What I would like to get out is set of clusters with number of points in each which will give me a putative set of transcript (may be fragmented) from these points.

Keeping the biology aside I am looking for a scalable method of clustering points(x,y) in a 2 dimensional space.

============================================================

data snapshots :

A. I have added data visual snapshot from IGV (sequencing reads on a browser) to give everyone more clarity. If you could open the picture from the following link and follow my description below http://picpaste.com/pics/sense_1-9nCST8qa.1334264280.png

The green reads depict the 5 prime start and orange points to the 3-prime site shown by each read pair. I have drawn few possible groups which we would like to cluster(group) together. By this I dont mean to propose using cluster algo to do this but somehow extract the possible putative transcripts. The snapshot is for demo sake. It does contains PCR duplicates and putative transcripts are approximate to give you guys an idea. The reason start and end points have to be grouped together is they combinedly demarcate a putative transcript boundary. Grouping start and end points separately will result in loss of connectivity and for example in the picture transcript 2 and 3 boundaries will be difficult to ascertain.

Following is just one way I tried to cluster the same region show above.

B. Done using DBSCAN. I reduced the number of points by removing the PCR duplicates which anyways doesnt convey any biological meaning. So only uniq start and end points (start,end) were used for clustering.

http://picpaste.com/pics/sample_clustering_result-IMhAXNDS.1334266188.png

The x axis is the 5prime start of the transcript and Y axis is the 3 prime. From the plot for it seems like we have 7 clusters (7 possible putative transcripts) out of which one in the top corner is most prevalent.
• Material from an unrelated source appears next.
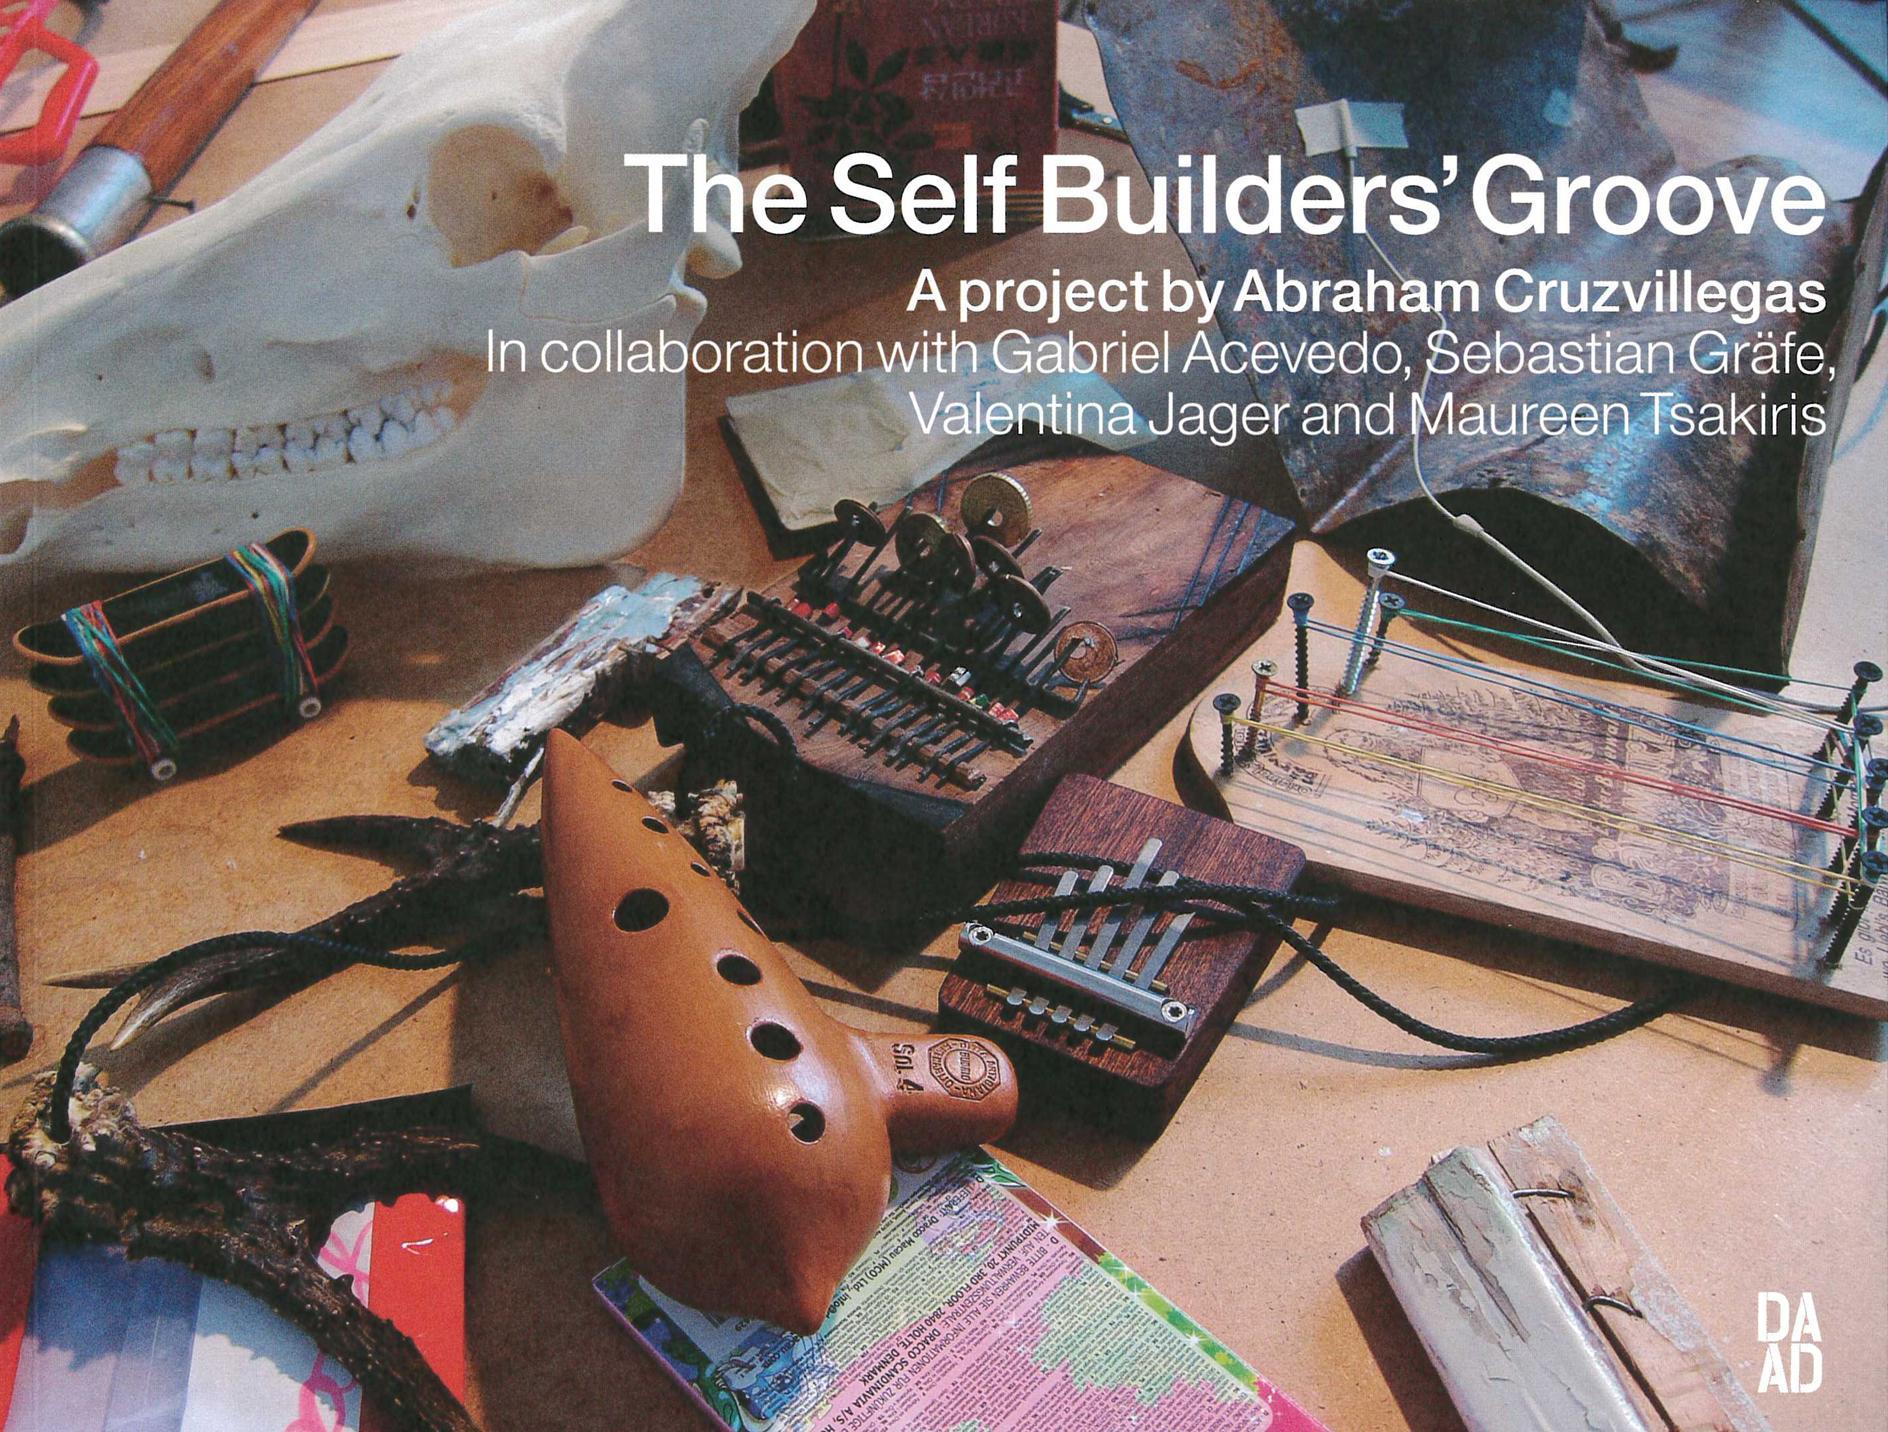 The Self Builders' Groove

We can then filter and test based on how many uniq points(start,end) are present in the each cluster. Basically each uniq point is a uniq clone sequenced for that region.

I hope this is not too much information and in case you have questions please feel free to ask questions. I appreciate your help until now.

==============================================================

Thanks! -Abh

Also, please explain the biological question that you had in mind.

Are you sure you need to cluster interval data? It is sort of 1-dimensional isn't it? IMHO clustering only makes sense on multi dimensional data. Please explain why you think clustering is an option.

@Michael - clustering can be done on 1-d data too, but yes - not sure what biological question it serves in this case.

@Michael : each start,end in the input data is putative transcript start and end coordinates per chromosome per strand. These are coming from a sequencing experiment. The goal is to cluster these into putative transcript start and end sites to give us the boundaries of transcripts. We can treat start,end as a X,Y coordinate on a chromosome scale and cluster the denser spots that way. makes sense ??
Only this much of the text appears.